The Roots, Hammersmith Apollo, London
Friday 26 August 2011
Few groups have the musical courage of The Roots. Philadelphia's favourite hip-hop sons approach a genre overrun with blandness and imitation, with the intelligence and precision of a mathematician, combined with an alchemist's passion for experimentation. What other group, regardless of genre, would not only employ a full-time sousaphone player but start their show with a solo from him? It's hard to imagine anyone else having the nerve, much less the talent, to make it work.
Fortunately for everyone inside the Hammersmith Apollo, the group who began life in 1987 as The Square Roots have both in abundance. It's apt that their name has changed since then: if there's one thing tonight's show isn't, it's square.
Led by the irrepressible Black Thought's rhymes and grounded by the metronomic drumming of ?uestlove – the group's founders and sole remnants of the original lineup – The Roots mix half-a-dozen genres into a single cohesive sound. One of few hip-hop groups who play all their own instruments, their musical timing is second to none. Opener to closer, every track is a toe-tapper, filled with an innate funkiness.

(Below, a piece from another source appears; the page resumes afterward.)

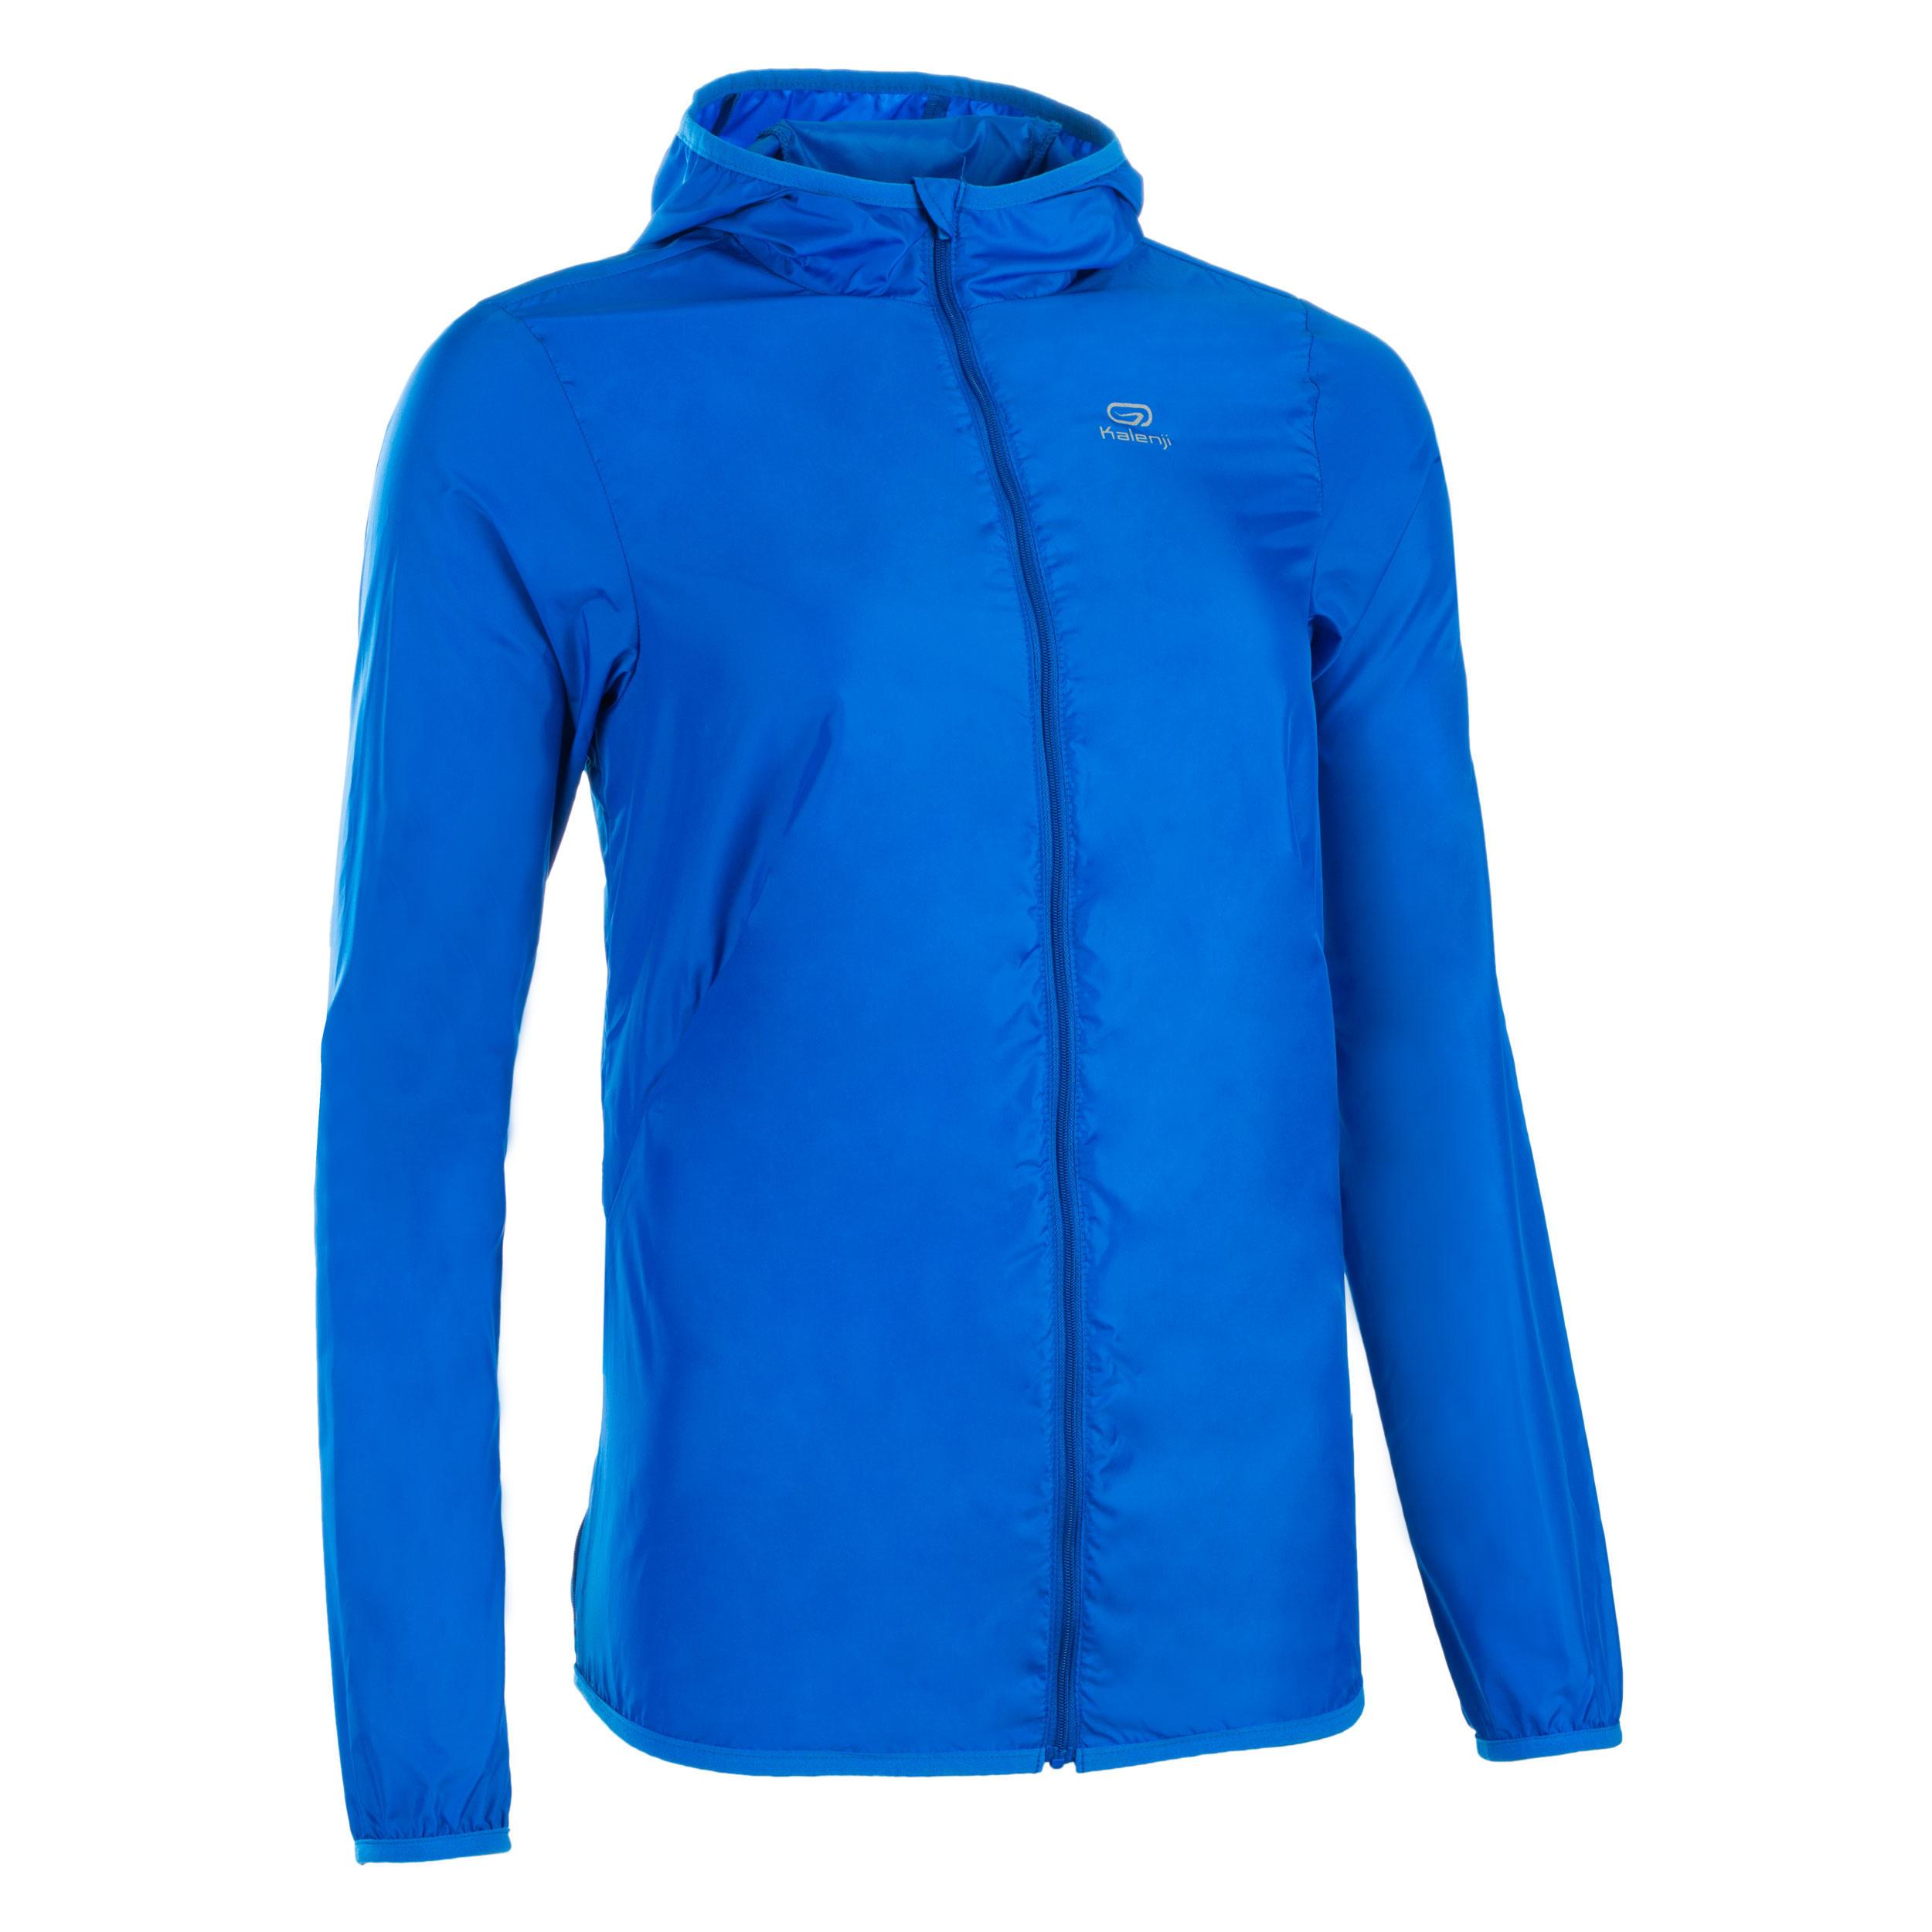 Jachetă vânt atletism Damă imagine produs

"Here I Come" is especially fearsome, its heavy drum beat complimented by Black Thought's throaty vocals, which pack as much power as a heavyweight uppercut. Its immediacy and impact are staggering, able to turn a diverse, mellow crowd of knowing aficionados into a swaying mob of singalong vocals and fist pumps in seconds.
Equally impressive is the group's ability to take popular tracks – "Criminal", "The Seed 2.0", "Break You Off" – and mould them into entirely new creations, familiar in melody but not in delivery. Even more striking is the audience's reaction to such shifts: appreciating, rather than bemoaning, changes to their favourite songs.
The set nudges two hours, during which time the music never stops, one song running into the next without a mis-step or a slip-up to be heard. Questlove and percussionist F. Knuckles rattle off a stunning five-minute drum solo that eschews showiness for the tightest groove and most effortless feel this side of a Stax record.
The fact that none of this feels artificial or forced is a fitting testament to the indisputable magic The Roots create on stage.